Don Draper is at the center of this set piece. He's mysterious, charismatic, and the engine behind Sterling Cooper. His character is so fully human, and yet so empty, that it's frightening: he's everyman, really, because he has no real identity, just the intangible and yet incomplete desire to find one. He is who he has to be when he has to sell something, himself included. Some where in one of the later episodes the "Cooper" of the agency says, to this effect: in Japan they have a saying that you are the man you are in the room you're in. And it's true.
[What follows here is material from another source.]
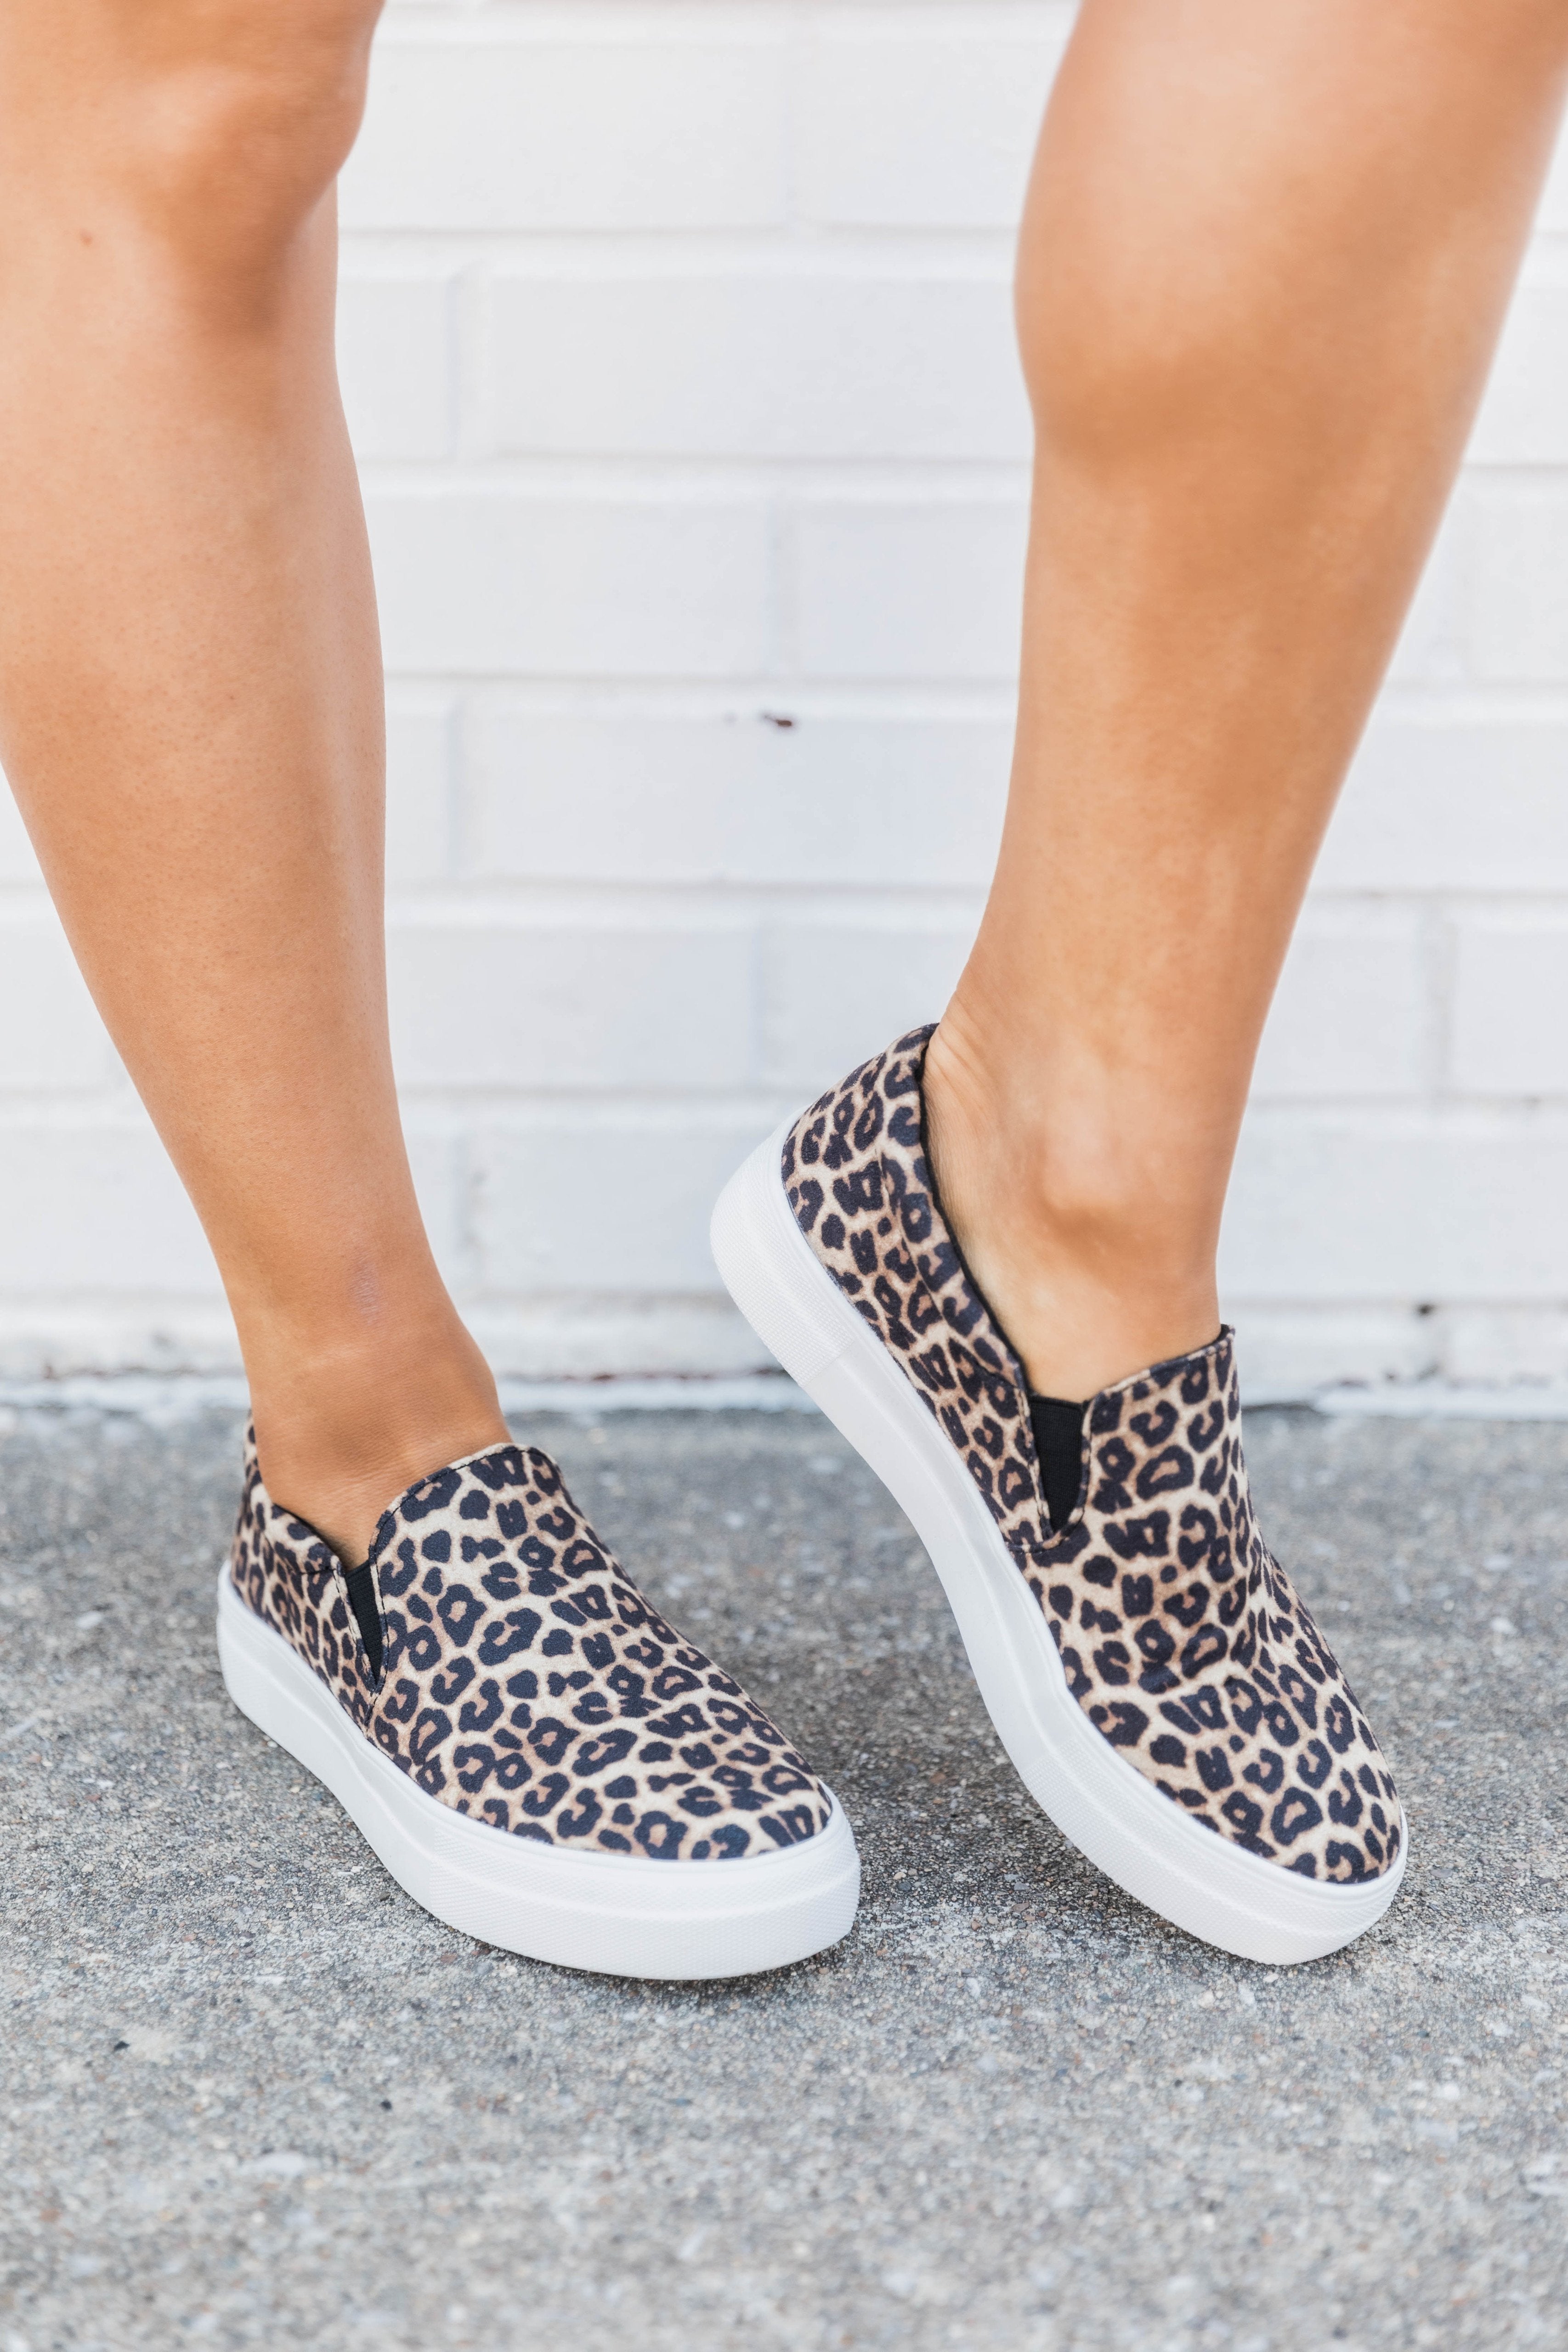 The Abigail Cheetah Sneakers

This first episode is so brilliant because it is so disquieting at the end. Draper's is not a double life, but a multiple life—having so many sides and angles that at times he becomes a caricature—but never fully. Mostly because Hamm inhabits him like the Spirit inhabits a Pentecostal.
That's what
Mad Men is about: living your expected life and yet not fully abandoning the life you want. What you end up with is nothing, which is a high price to pay for nothing.
Every one in
Mad Men is bereft of something and yet glutted with something else, and neither makes any sense or can be understood in the summer and fall of 1960.
The women in the show, hens as they're called, accept all this boorish behavior with a subversive, near peevish wish for more; or with a tolerant they're-just-men sort of view. But to think the show is male-centric is to misunderstand it: it's the women who rule this world, if only because they are sexual objects who can say yes or no. Some do; some don't. One who does, early on, is one of the few women with explicit advertising ambitions and she'll later pay a price for her sexual decisions. Or at least she'll be in debt to them: how she pays it back, or whether, will undoubtedly be the subject of one or more of the episodes in
Season Two.
Who we are is our doom. Maybe 1960 isn't so important. Maybe it’s our being human. Maybe it's our desire for love and then new love and then another kind of love. Or more money. Or a recognition from the larger world that escapes us.
We scramble around, looking, seeking, desiring. Maybe, as Draper partly understands in
Season Two's finale, it's right in front of us. Whatever it is, or wherever it resides, its discovery may be too late: we've been through too many women, too much liquor, choked back too many Lucky Strikes.
We've got a campaign to put together for Clearasil, we're tired, sad even, because nothing's come to us yet. Just exactly what
is Clearasil all about, what are its hidden seductions.
That'll have to wait; it's off to catch the 7:52 to Ossining.